▶ Exercise: Without any images, write the listing below out word for word.

═════ Data shown ═════

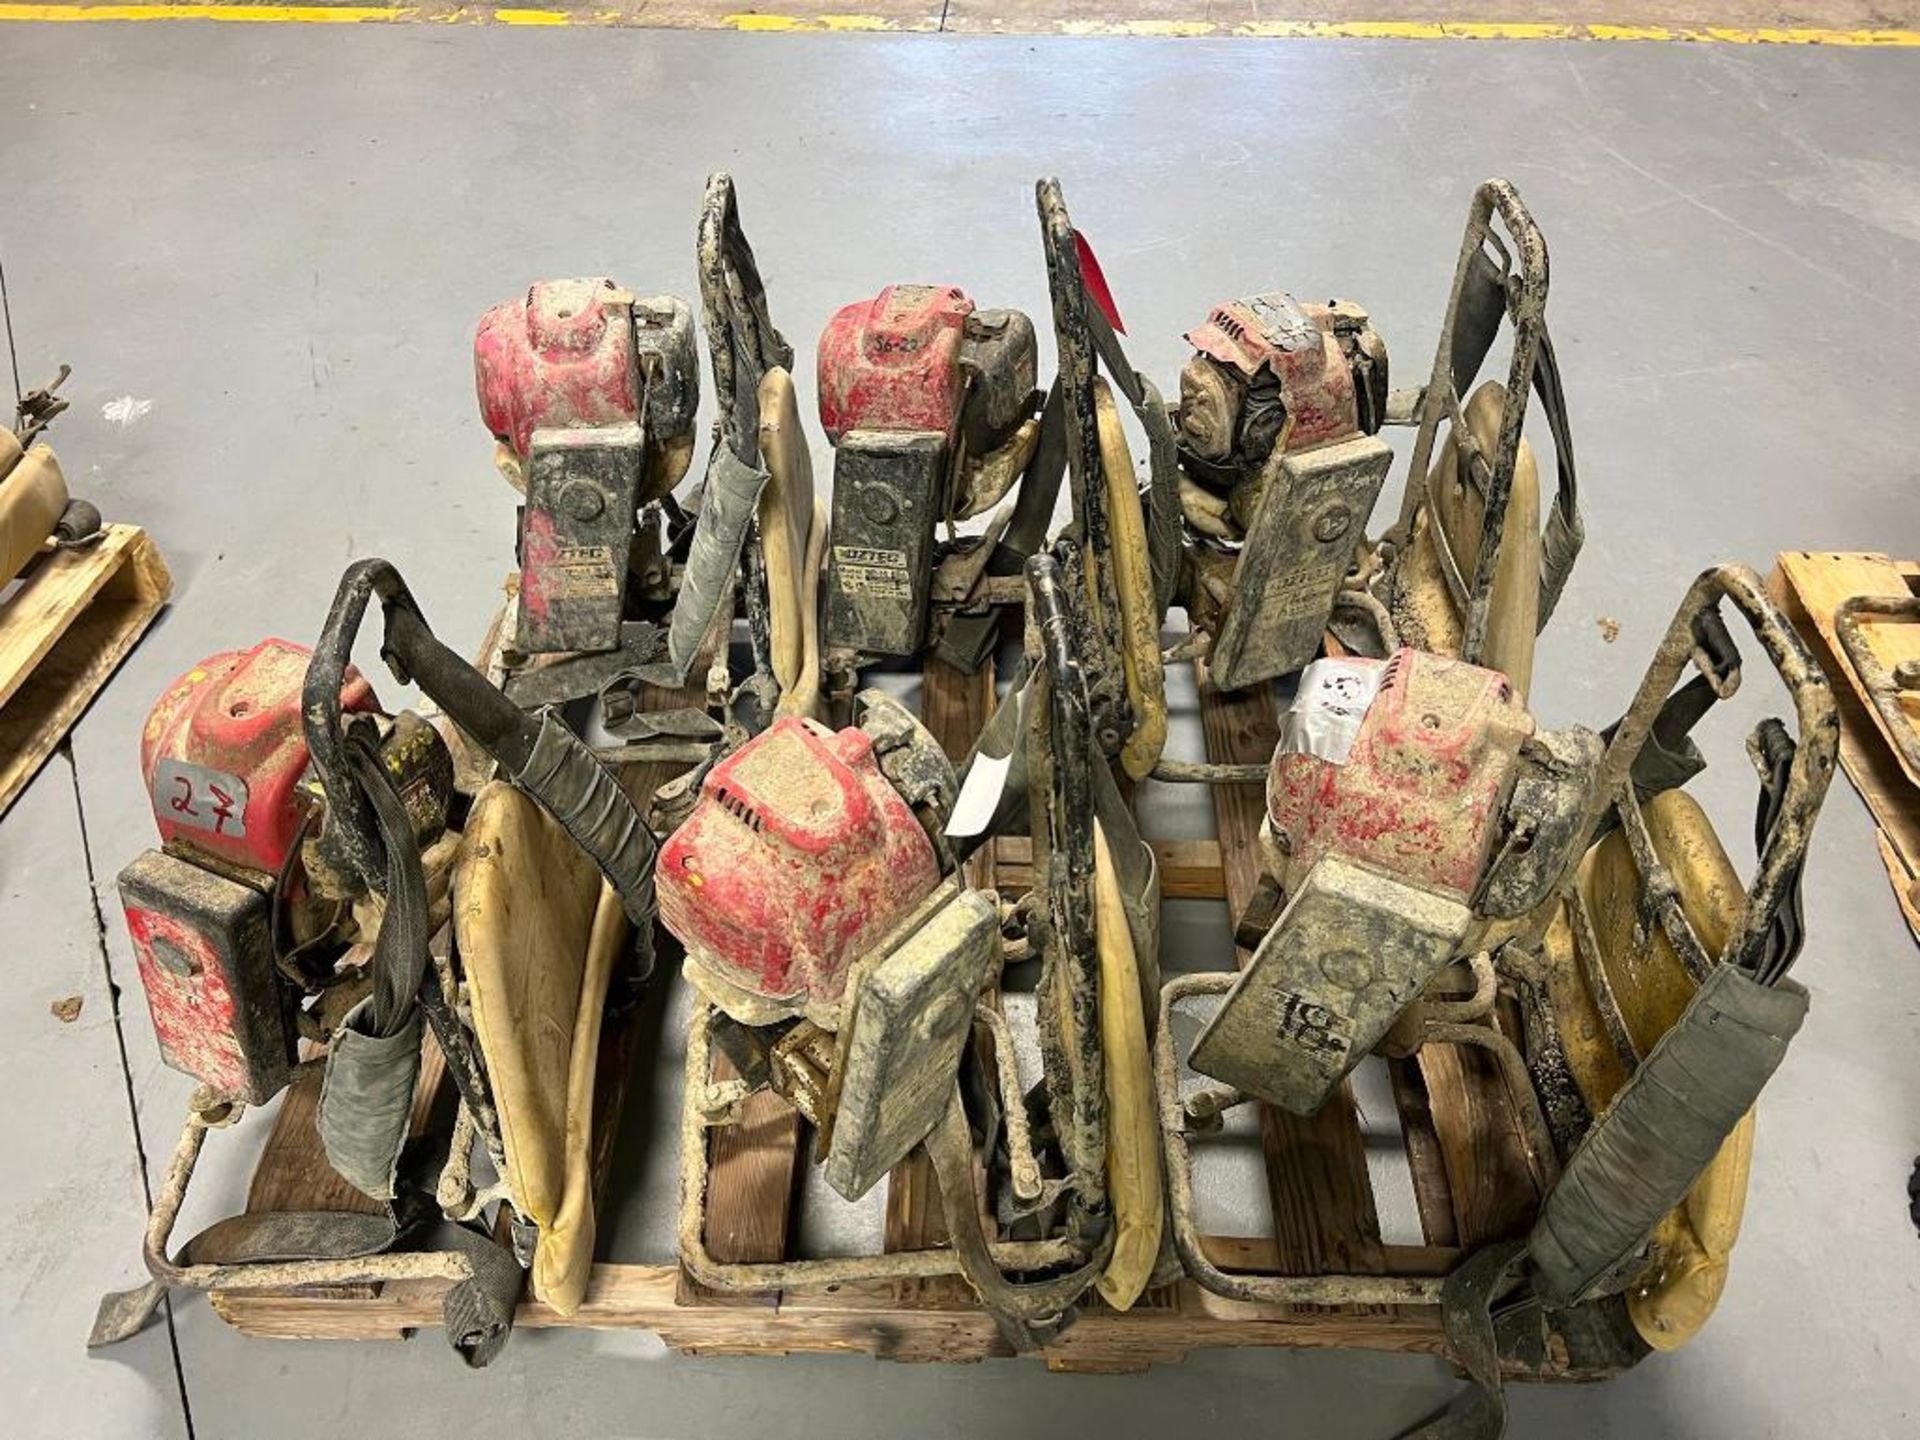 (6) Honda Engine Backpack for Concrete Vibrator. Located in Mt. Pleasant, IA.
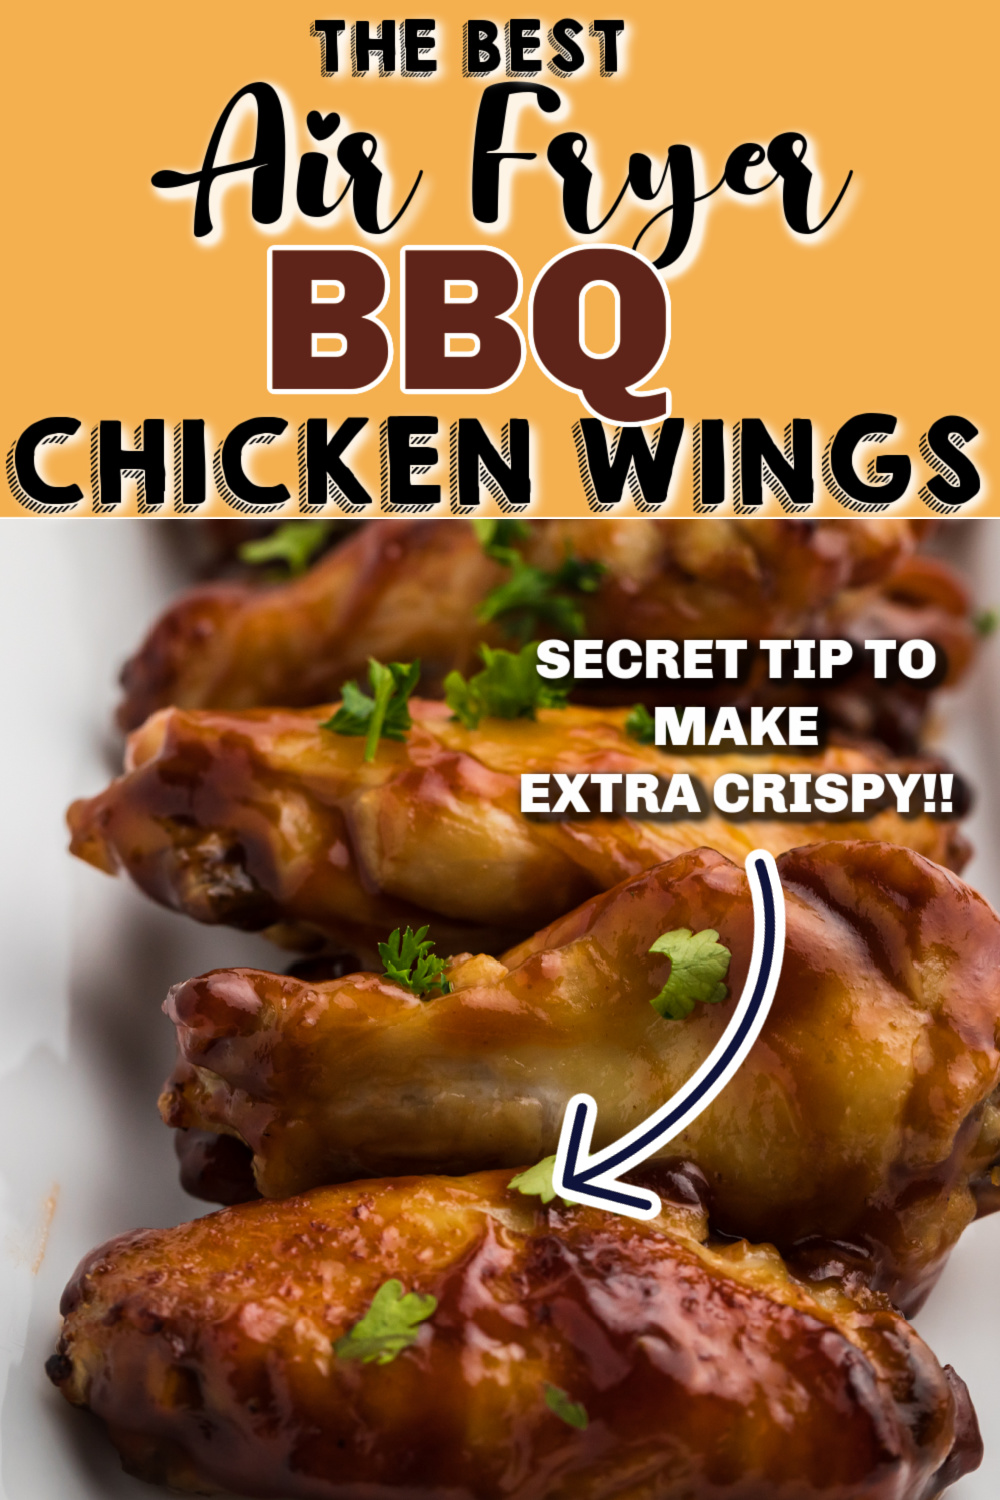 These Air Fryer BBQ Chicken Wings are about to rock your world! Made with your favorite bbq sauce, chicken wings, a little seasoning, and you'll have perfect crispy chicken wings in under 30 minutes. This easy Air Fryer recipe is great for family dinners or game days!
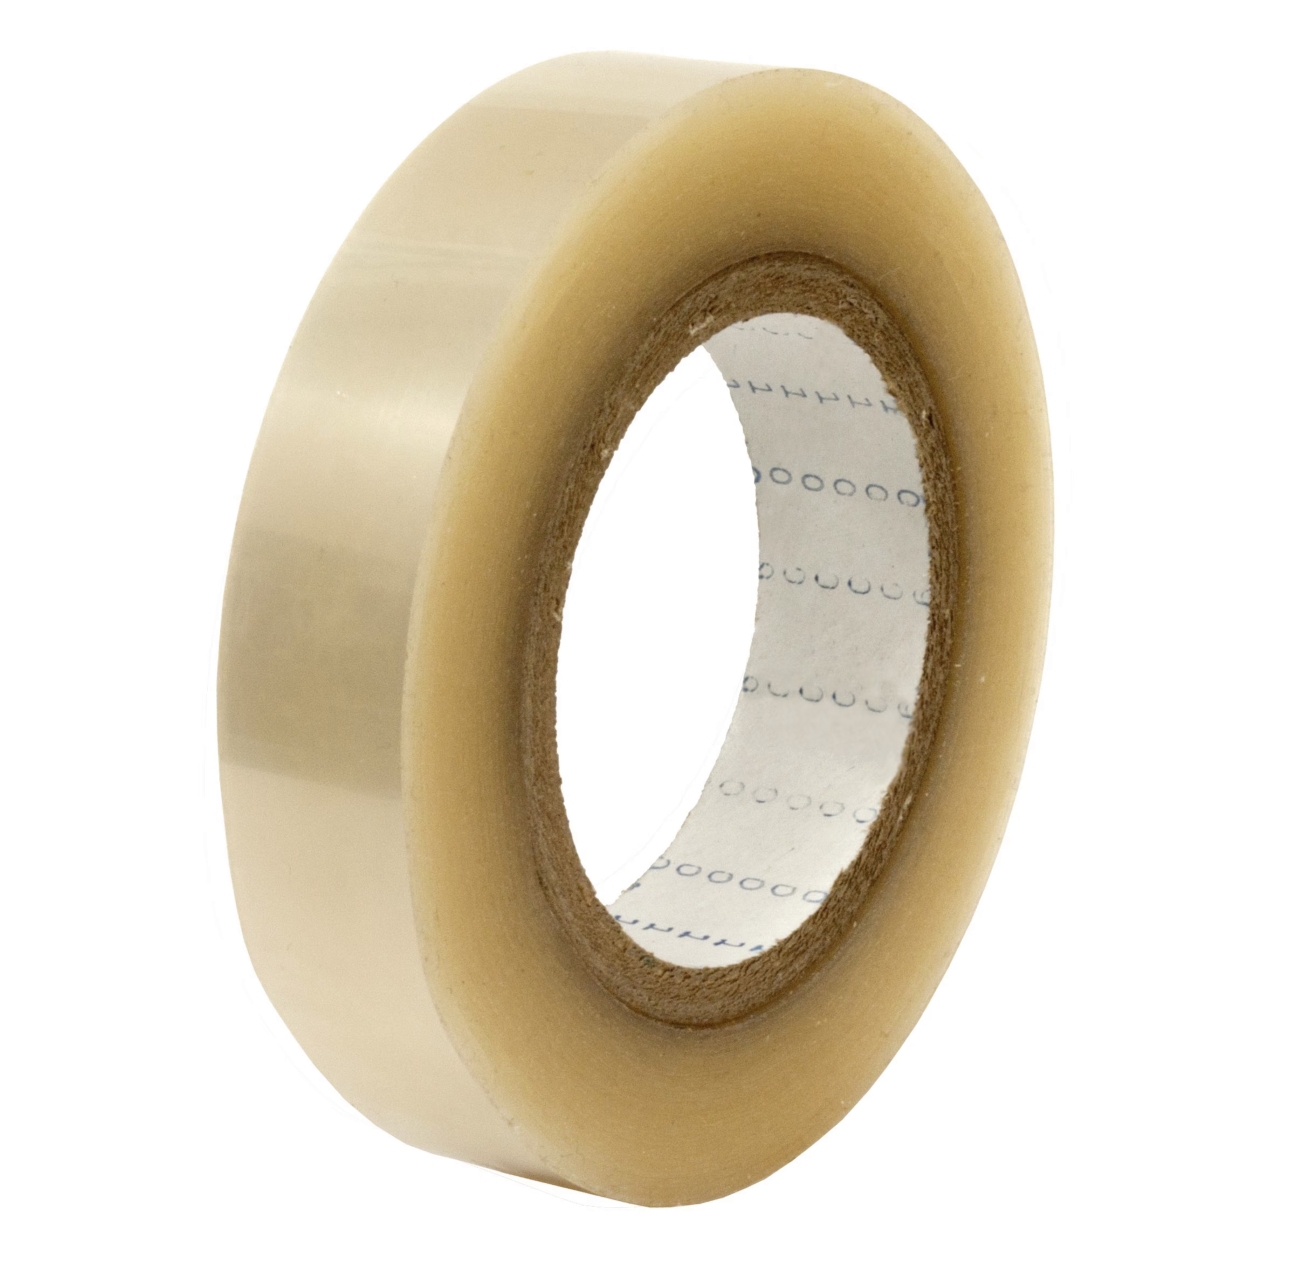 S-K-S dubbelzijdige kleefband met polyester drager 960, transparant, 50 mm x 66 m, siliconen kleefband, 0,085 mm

═════

▶ Answer for this exercise:
 (6) Honda Engine Backpack for Concrete Vibrator. Located in Mt. Pleasant, IA.
 These Air Fryer BBQ Chicken Wings are about to rock your world! Made with your favorite bbq sauce, chicken wings, a little seasoning, and you'll have perfect crispy chicken wings in under 30 minutes. This easy Air Fryer recipe is great for family dinners or game days!
 S-K-S dubbelzijdige kleefband met polyester drager 960, transparant, 50 mm x 66 m, siliconen kleefband, 0,085 mm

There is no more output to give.